DATA EXCERPT
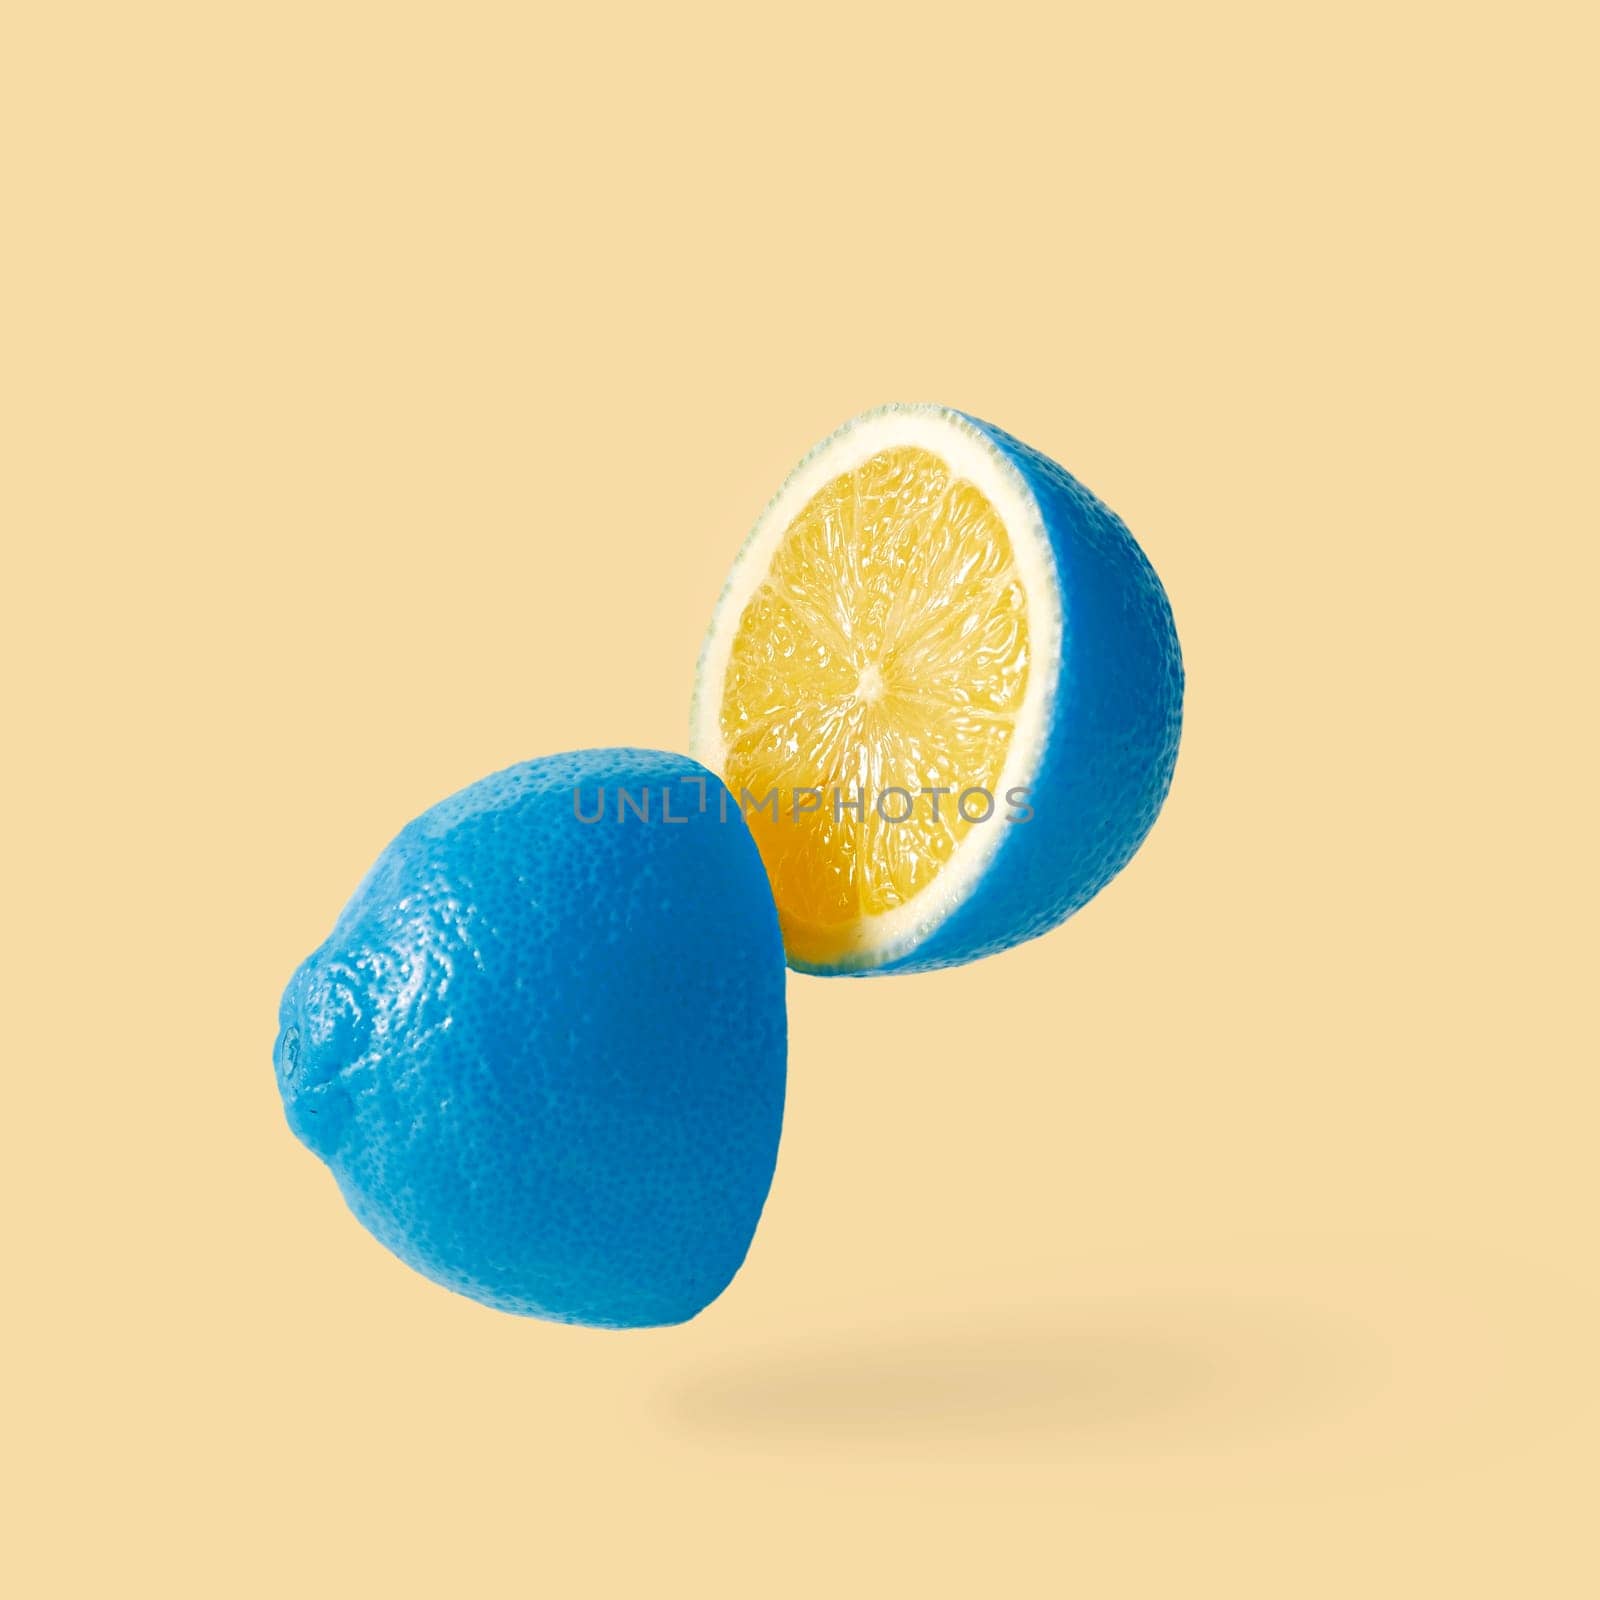 Lemon sureal playful with a blue skin cut into two parts levitation above the background. by sergii_gnatiuk
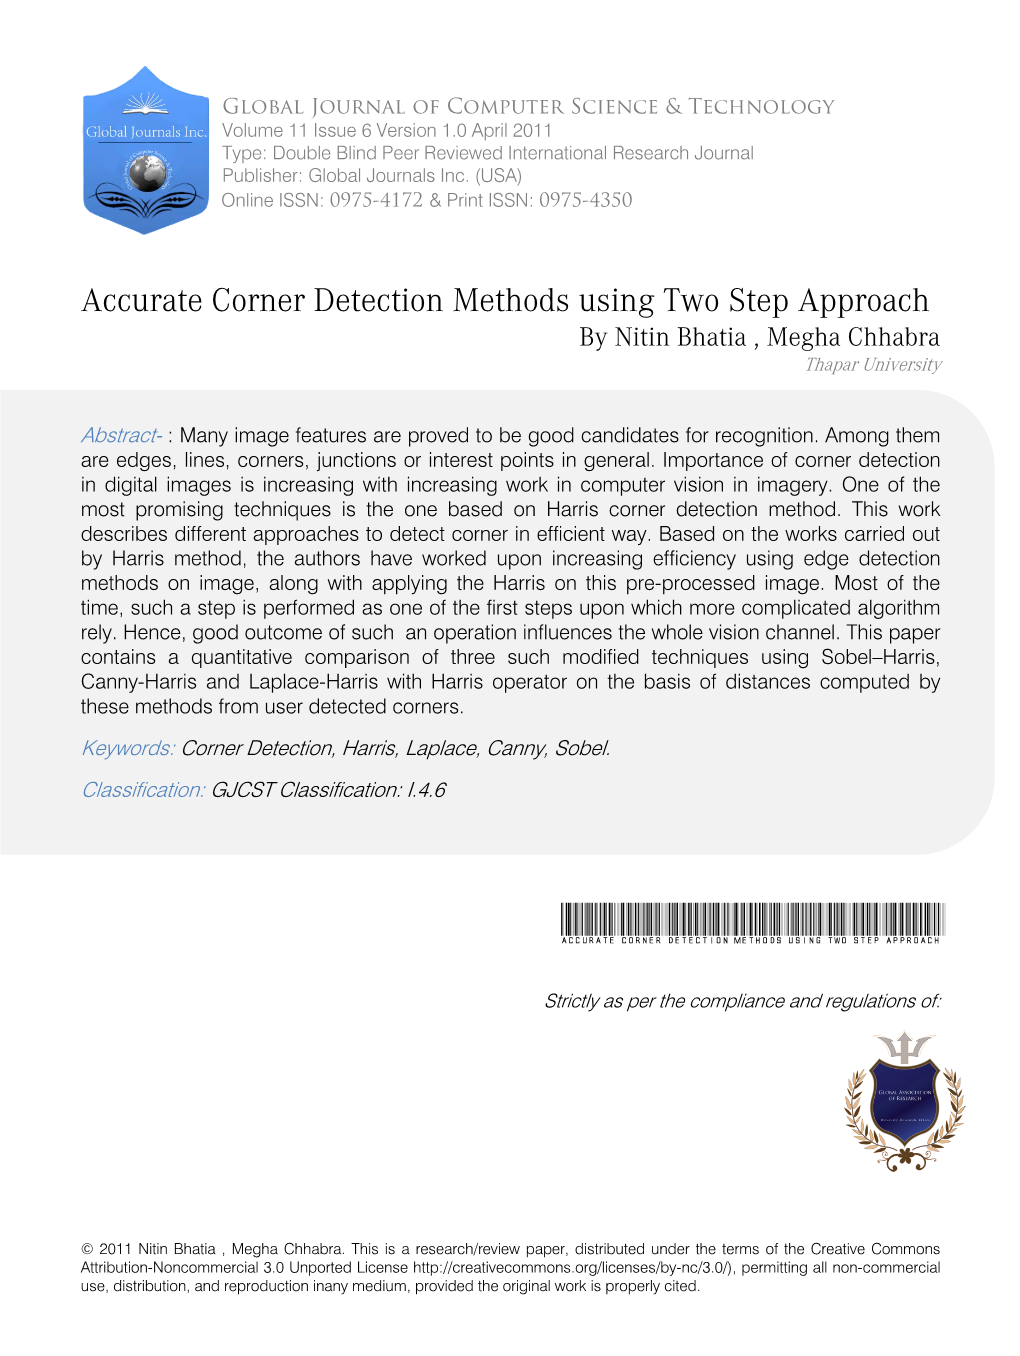 Accurate Corner Detection Methods Using Two Step Approach by Nitin Bhatia , Megha Chhabra Thapar University
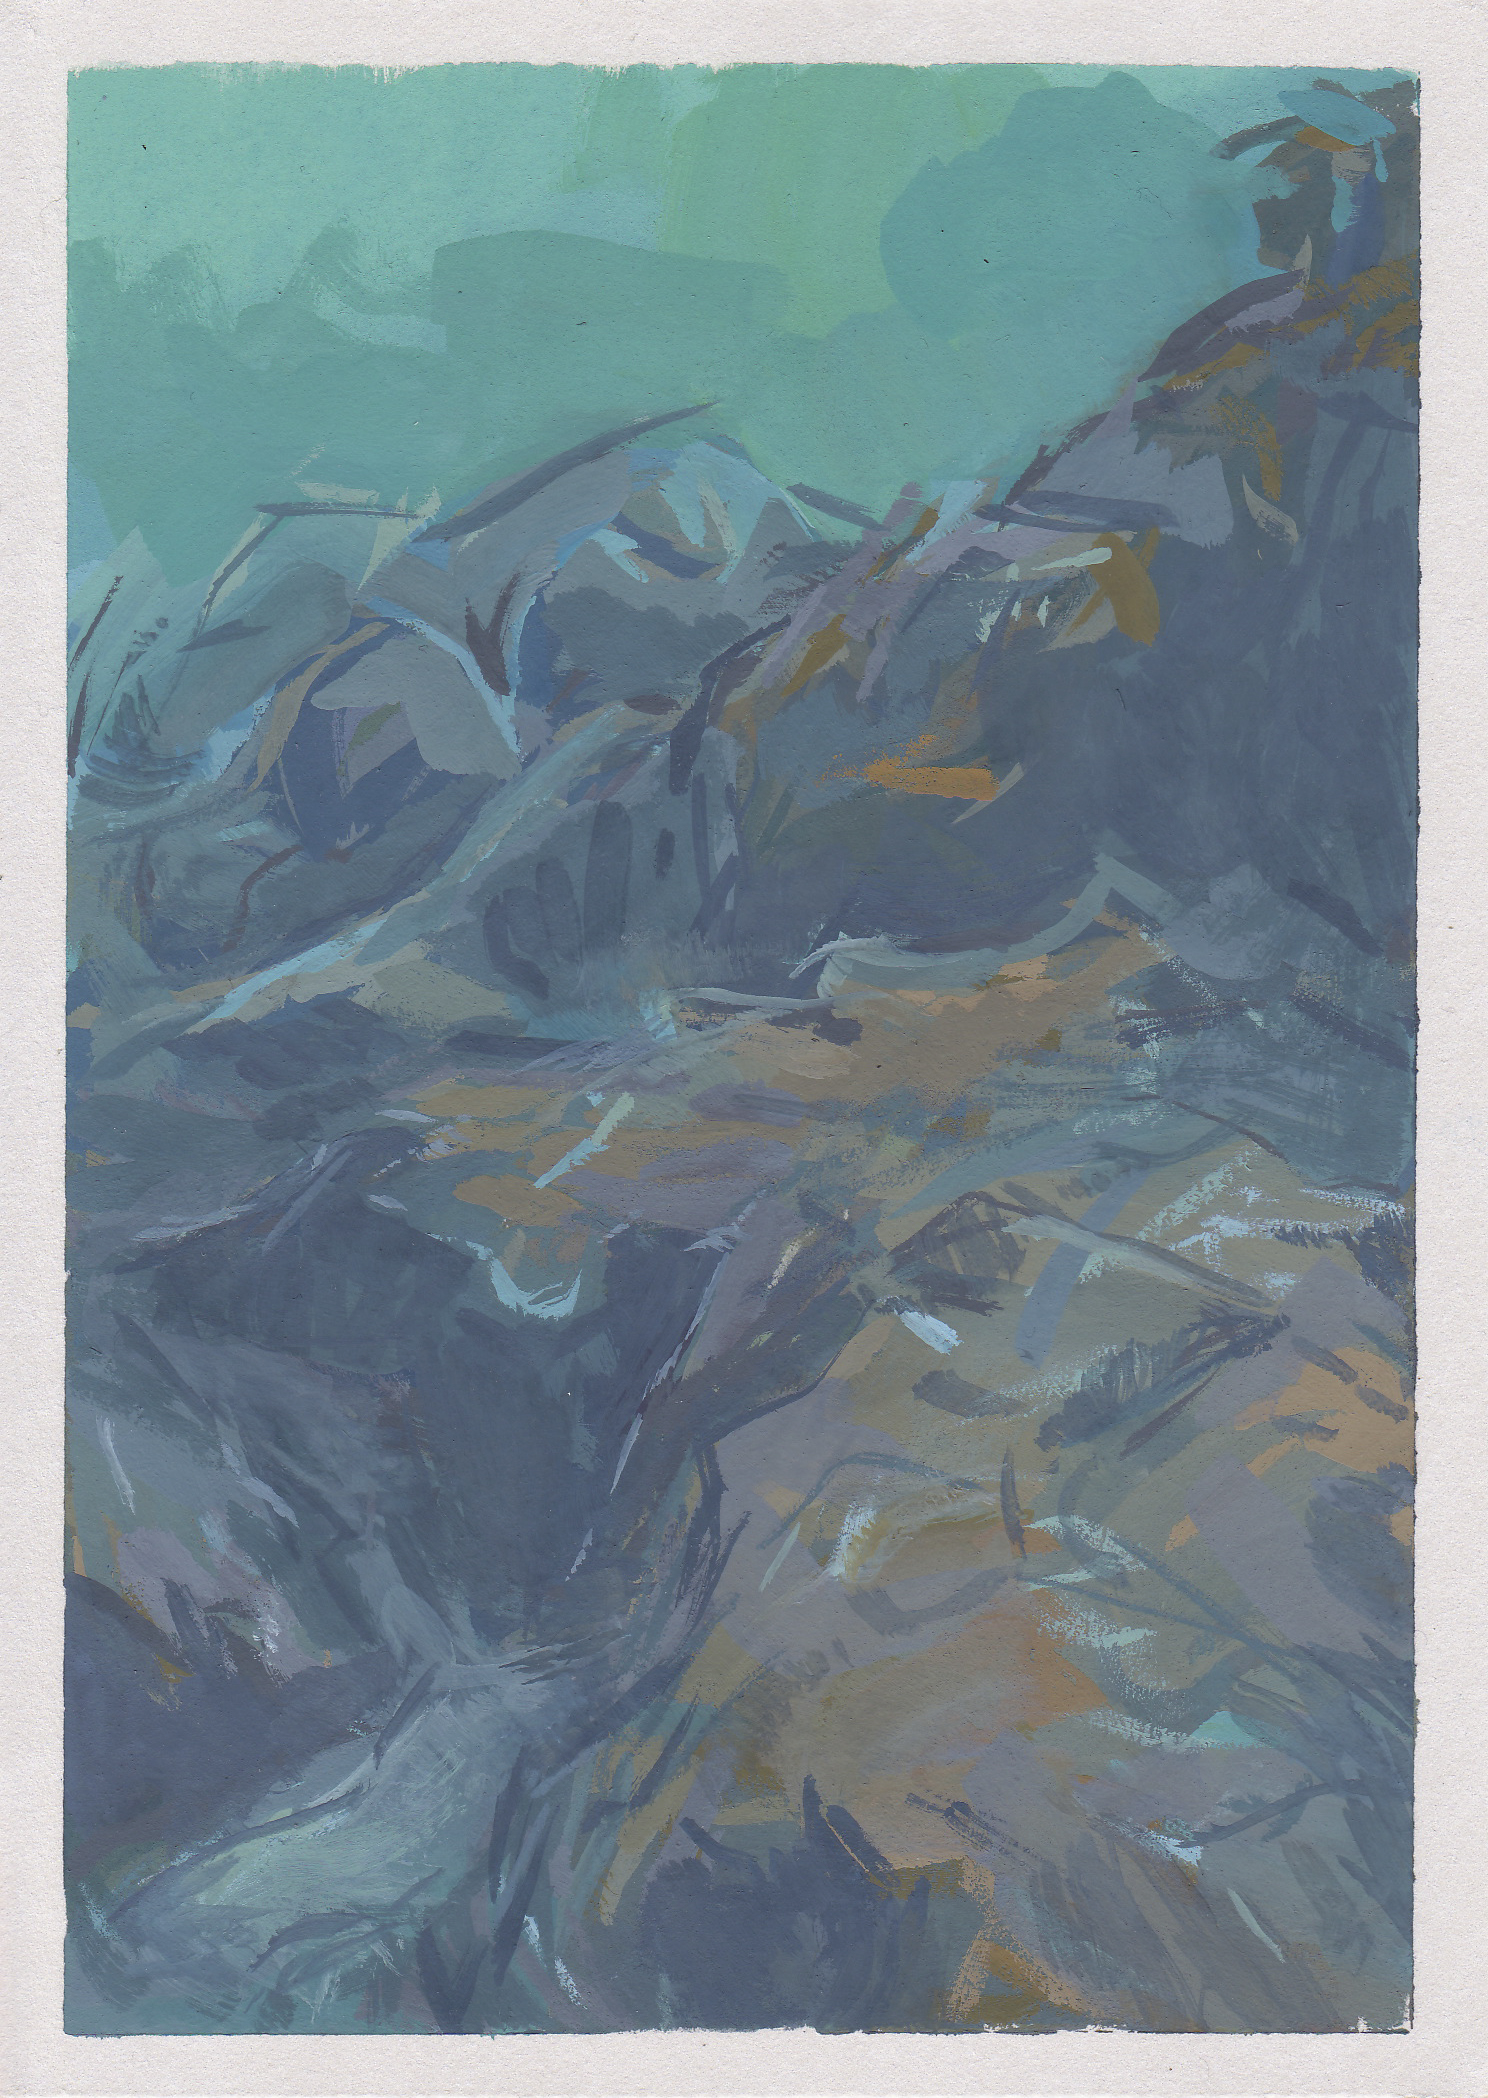    seascape II     gouache on paper 4.5x6.5" 2013  collection of the artist  purchase prints  
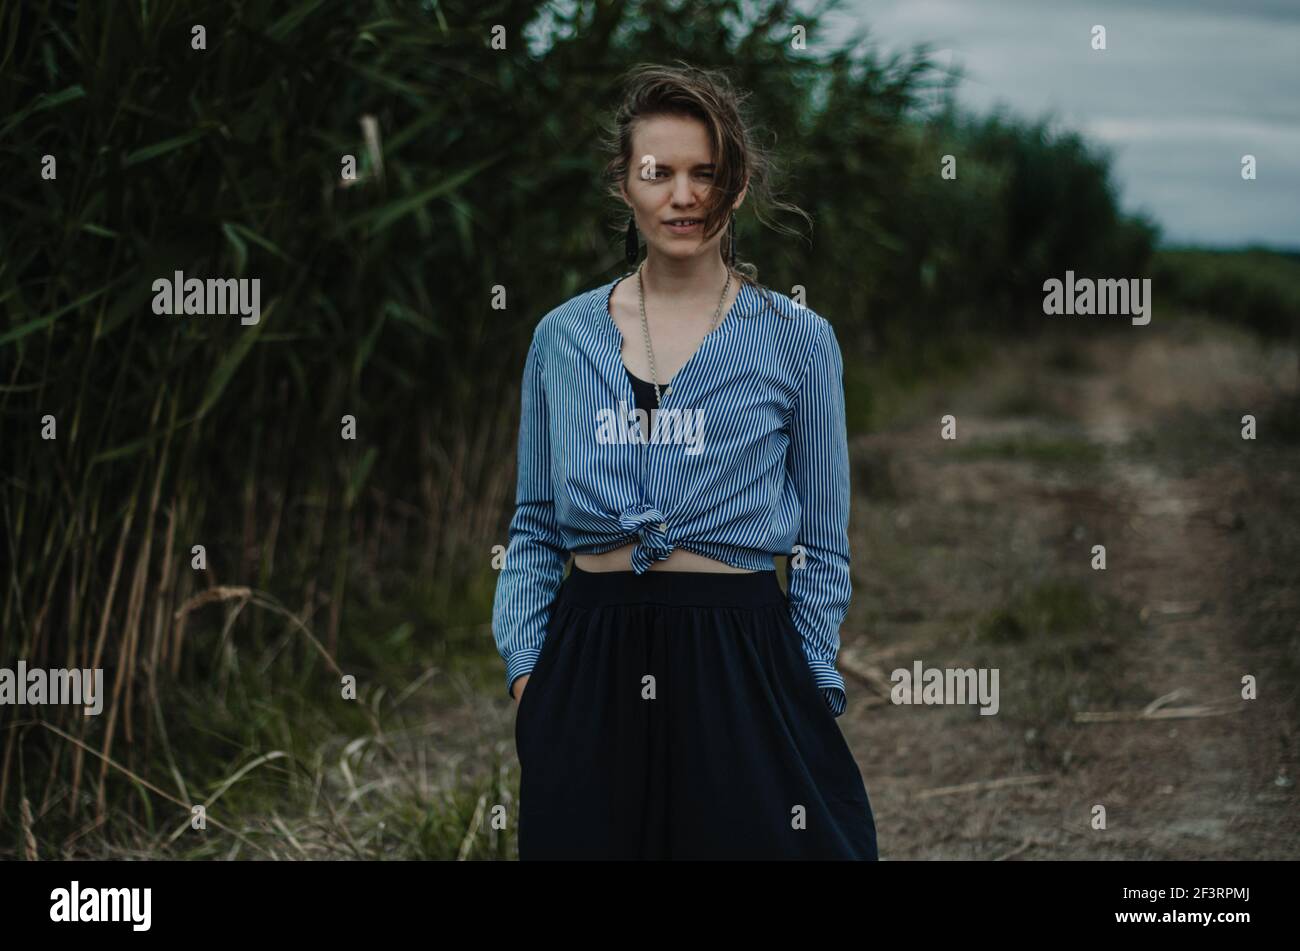 Portrait of a young caucasian woman with neutral expression, near reeds on a path, moody vibe Stock Photo

AIM OF THE TASK
Each line of the material needs to be given again exactly, without any of its pictures.

ANSWER TO THIS PROBLEM
 Lemon sureal playful with a blue skin cut into two parts levitation above the background. by sergii_gnatiuk
 Accurate Corner Detection Methods Using Two Step Approach by Nitin Bhatia , Megha Chhabra Thapar University
    seascape II     gouache on paper 4.5x6.5" 2013  collection of the artist  purchase prints  
 Portrait of a young caucasian woman with neutral expression, near reeds on a path, moody vibe Stock Photo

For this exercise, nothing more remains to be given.